You only get a full runtime lifecycle in AgentID when both phases happen:

guard -> model execution -> ingest

That means:

  • guard() creates or updates the preflight side of the lifecycle
  • log() persists the post-execution telemetry row
  • SDK wrappers combine both when you use a supported wrapped surface

If the application only calls guard and never calls ingest, Activity, cost, and downstream graphs can look empty or incomplete.

Token, Cost, and ROI Telemetry Is Required

AgentID cost charts and ROI charts are computed from stored runtime telemetry. They are not inferred from the fact that a guard check happened.

For every successful model execution, the final completion event must include:

  • event_type: "complete"
  • the real provider model id, for example gpt-4o-mini
  • token usage from the provider response
  • model latency when available
  • the same client_event_id / event_id correlation used for the guarded call

Accepted token usage shapes include OpenAI-style and normalized names:

usage: {
prompt_tokens: 33,
completion_tokens: 9,
total_tokens: 42,
}

// or
tokens: {
input: 33,
output: 9,
total: 42,
}

Official wrappers collect this automatically when the provider exposes usage. Manual integrations must pass it explicitly to agent.log(...) or /api/v1/ingest. If usage is missing, AgentID can still show Activity rows, but token counters, cost_usd, Total Spend, cost charts, and ROI graphs will be empty or understated.

ROI also depends on the system's business context:

  • human_hourly_rate
  • human_time_per_task_min
  • a priced model id in the AgentID pricing catalog

Projected savings are calculated as human_cost_usd - cost_usd. If provider usage is present but the model id is unknown to pricing, token counts can appear while spend and ROI remain N/A.

Activity Rows vs Workflow Timeline

AgentID intentionally keeps prompt/guard telemetry inspectable as its own row, even when that prompt is part of a larger workflow.

For an agent run, expect two complementary views:

  • a standalone prompt/guard row with View Details and View Prompt
  • a workflow summary row with Open Workflow and the grouped step timeline

Use workflow_run_id / workflowRunId to group tool calls, delivery events, inbox events, workflow lifecycle rows, guard checks, and LLM calls. Do not reuse one client_event_id for the whole workflow; each event should keep its own idempotency key. Non-LLM workflow/tool/delivery rows should show Model: Not applicable and should not be spend-bearing unless model/cost fields are explicitly present.

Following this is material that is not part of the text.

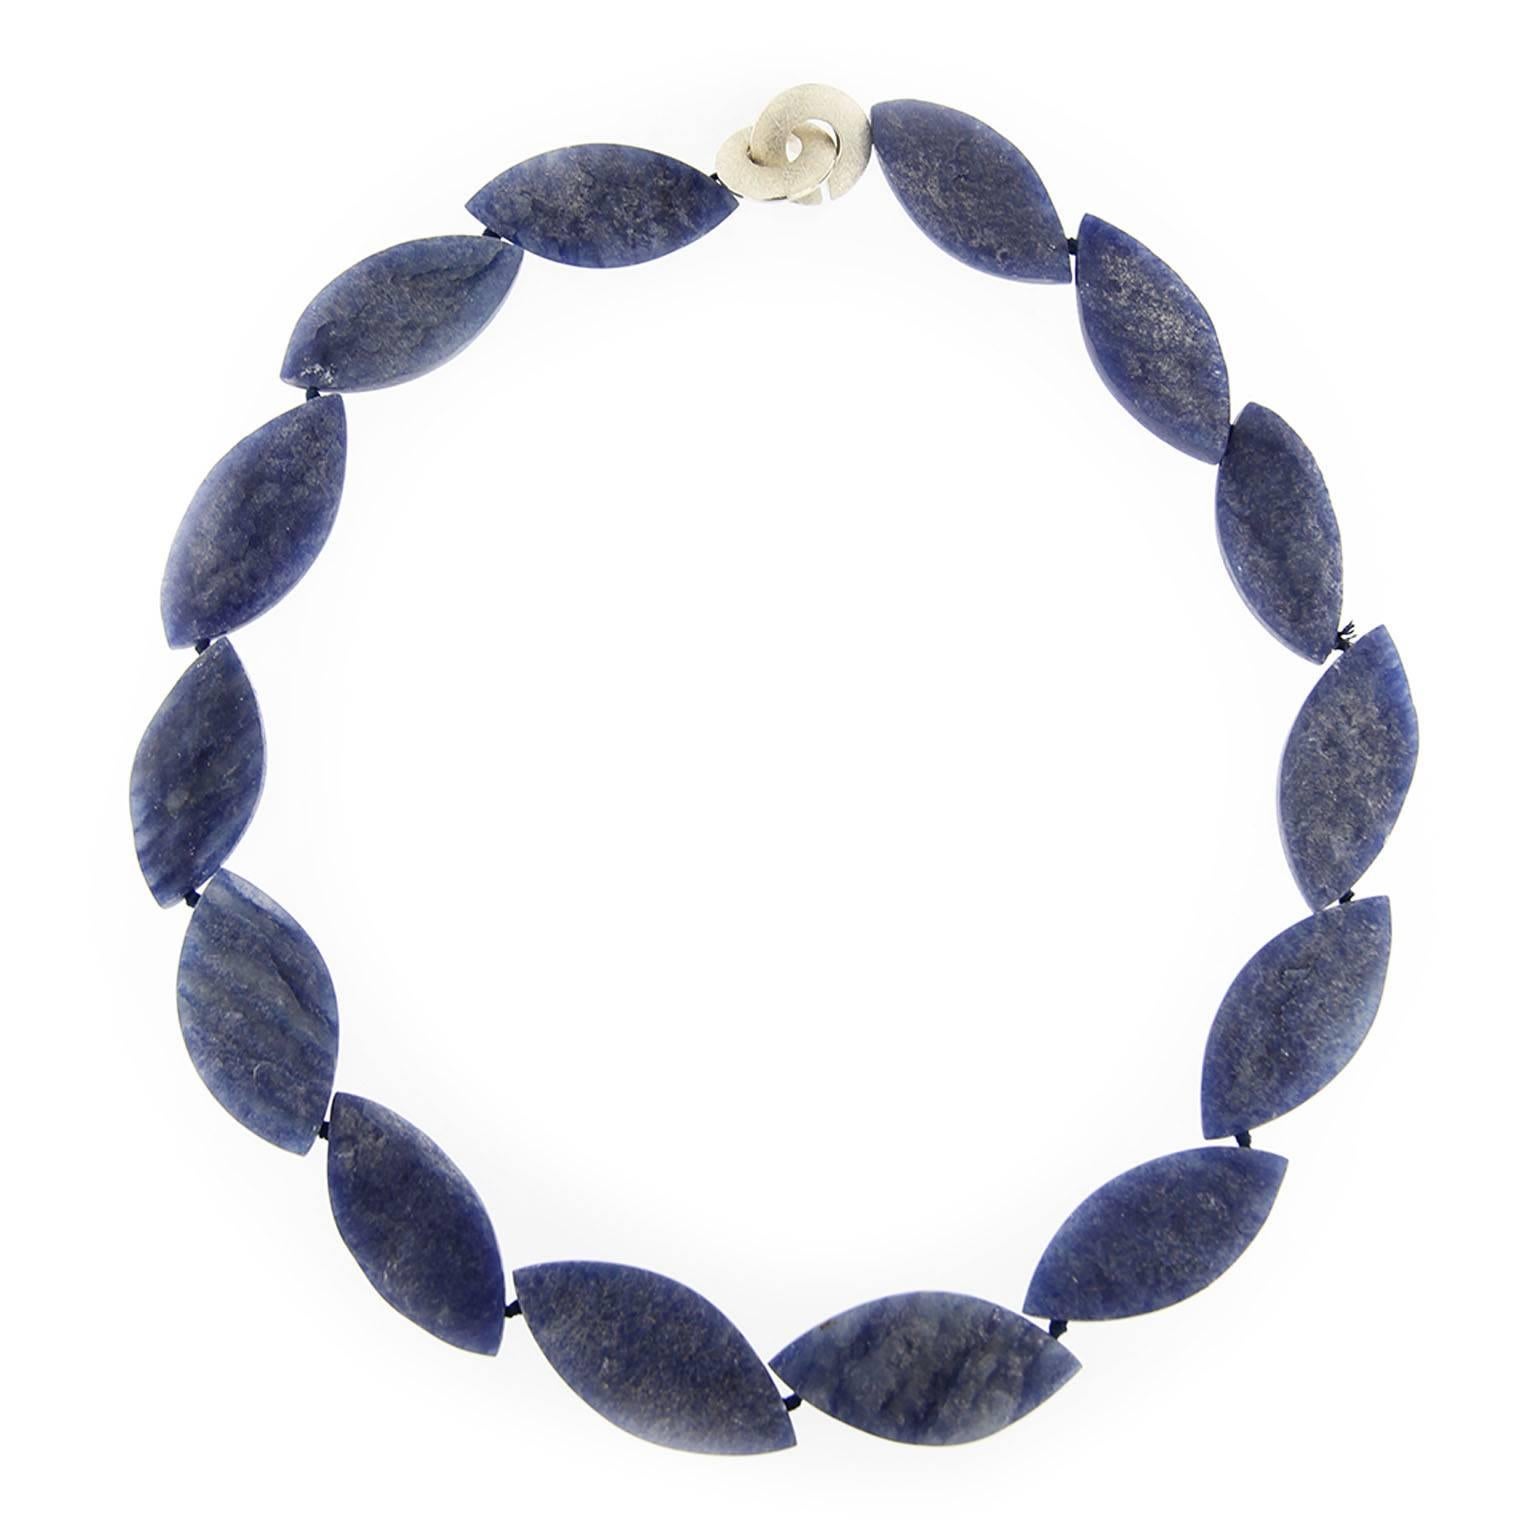 Jona design collection, Polished Navette Blue Quartz necklace with a brushed sterling silver clasp. Length: 19.68

Supported Automatic Wrapper Surfaces

Current supported official wrapper surfaces:

  • Node.js / TypeScript SDK (agentid-sdk): wrapOpenAI(...).chat.completions.create(...)
  • Python SDK: wrap_openai(...).chat.completions.create(...)
  • Vercel AI SDK wrapper: generateText() / streamText() with withAgentId(...) wrapped models

Current unsupported surfaces unless you add your own integration:

  • responses.create
  • Assistants API
  • arbitrary custom provider methods
  • app-local helper functions that never call agent.log()

The unsupported list still applies across JS, Python, and Vercel AI SDK flows unless you add an explicit integration path.

Enterprise Rollout Rule

The main rollout risk is usually not classifier quality. It is integration coverage.

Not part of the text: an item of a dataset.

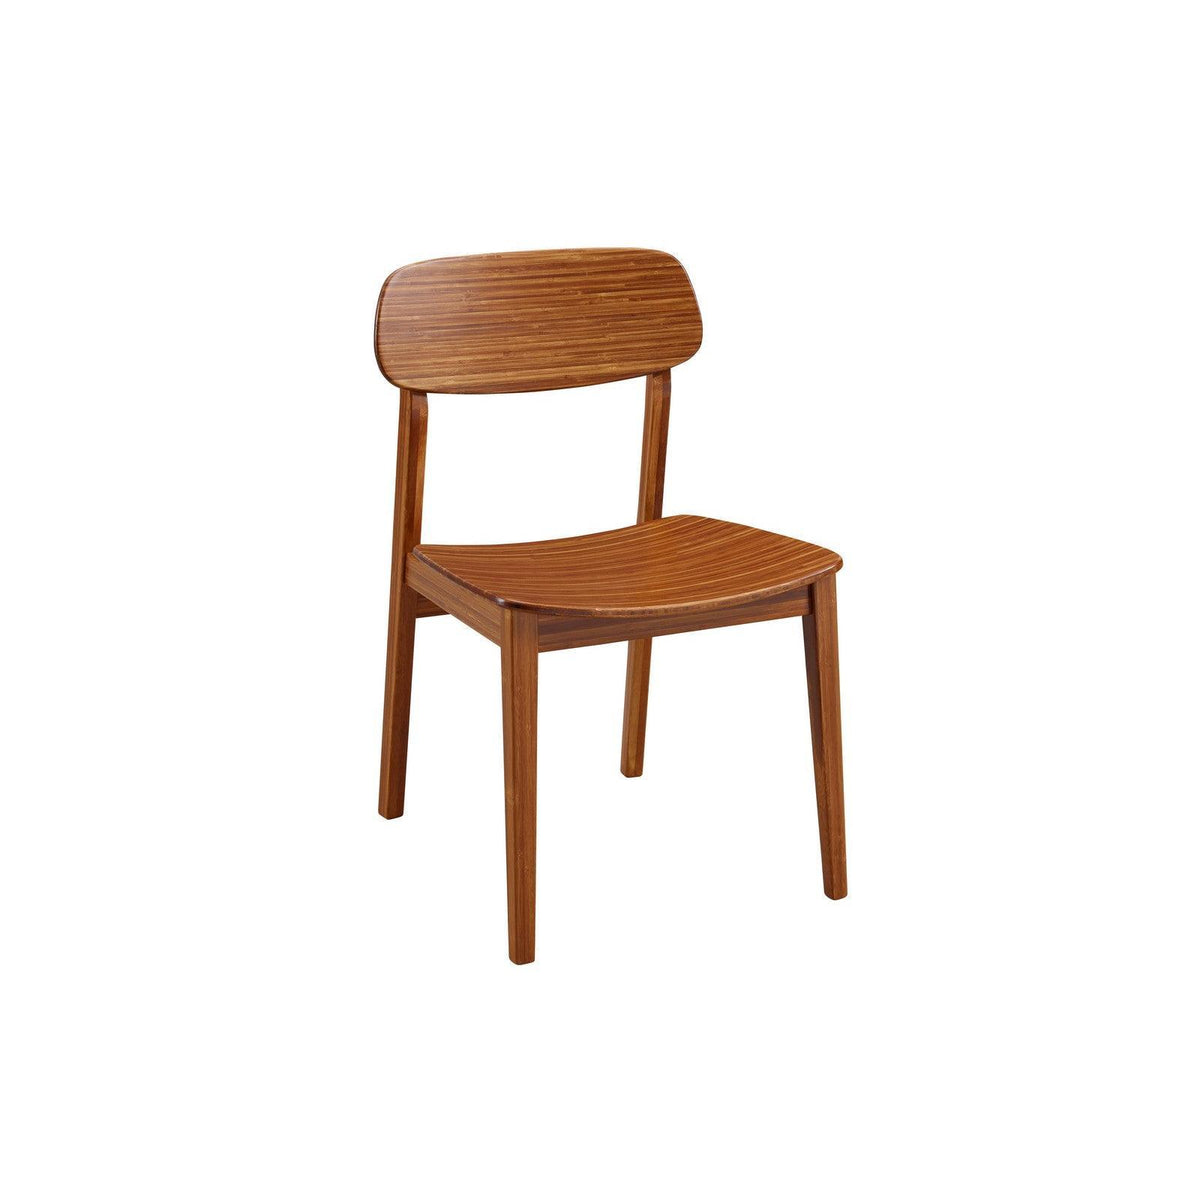 Greenington Currant Chair - Boxed set of 2, Amber - G0023AM - 1

If any production path still sends prompt or chat history through an unsupported provider surface, raw OpenAI client, custom fetch, or app-local helper outside a supported wrapper, AgentID does not automatically protect that path.

Before calling a deployment enterprise-ready:

  1. inventory every production LLM callsite
  2. map each one to a supported wrapper or an explicit guard -> provider -> log flow
  3. remove parallel raw provider calls in the same request path
  4. verify chat routes protect the exact full history that reaches the provider
  5. verify telemetry reflects that coverage, for example full_history_protected=true on wrapped chat flows

Current wrapper scope note:

  • OpenAI chat wrappers in this repo currently derive preflight guard input from the last user message text.
  • The Vercel AI SDK wrapper currently derives preflight guard input from the last user message text plus supported inline attachments on that last user turn.
  • Full-history masking/protection for provider dispatch can still apply on wrapped routes even when preflight scope is narrower.
  • If you need preflight evaluation over the exact assembled multi-turn history today, use an explicit guard -> provider -> log flow for that route.

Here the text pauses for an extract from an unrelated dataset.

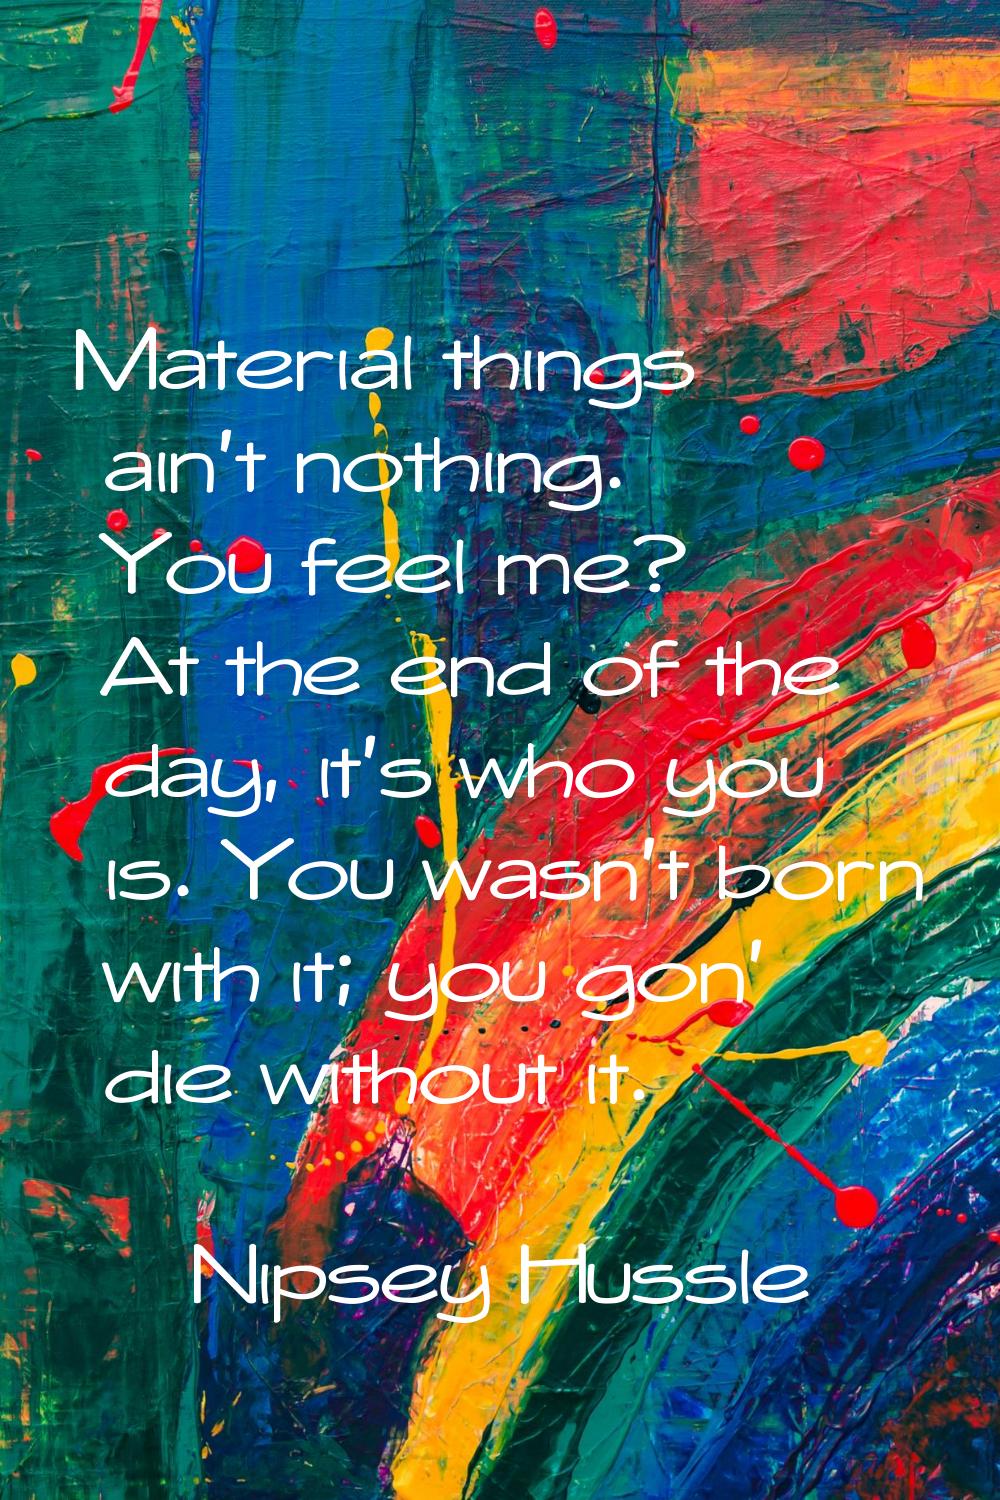 Material things ain't nothing. You feel me? At the end of the day, it's who you is. You wasn't born

Pre-LLM Protection Is Not The Same As Masked Logging

This distinction is critical for chat and agent applications.

AgentID protects data before the LLM only when the actual provider call goes through a supported wrapper or an equivalent explicit guard -> provider -> log integration.

A common incorrect integration is:

raw user input -> provider / LLM
masked copy -> AgentID log

That can make the dashboard look masked after refresh, but it does not protect the model. The LLM has already seen the raw value.

The correct integration is:

raw user input/history -> AgentID wrapper -> protected input/history -> provider / LLM
-> protected output -> app UI + AgentID ingest

Official Vercel AI SDK wrapper telemetry includes full_history_protected=true when SDK-side masking is enabled and the wrapper protects the full prompt history. Manual integrations should set the same signal only after they have protected every message text part that will be sent to the provider.

For a chat app, protect the complete message history. Do not protect only the latest input field. The provider often receives:

  • system prompts
  • previous user messages
  • previous assistant messages
  • tool results
  • retrieval/memory context
  • the latest user message

If any of those entries contains raw PII or secrets and bypasses the wrapper, the model can still remember or repeat it later.

Example failure signal:

User: Moje jmeno je Jan Kroupa
Assistant after refresh/log view: Moje jmeno je <PERSON_1>
User: jake jmeno jsem poslal v minule zprave?
Assistant: Jan Kroupa

This means the raw name reached the model context. A masked dashboard row alone does not prove pre-LLM protection.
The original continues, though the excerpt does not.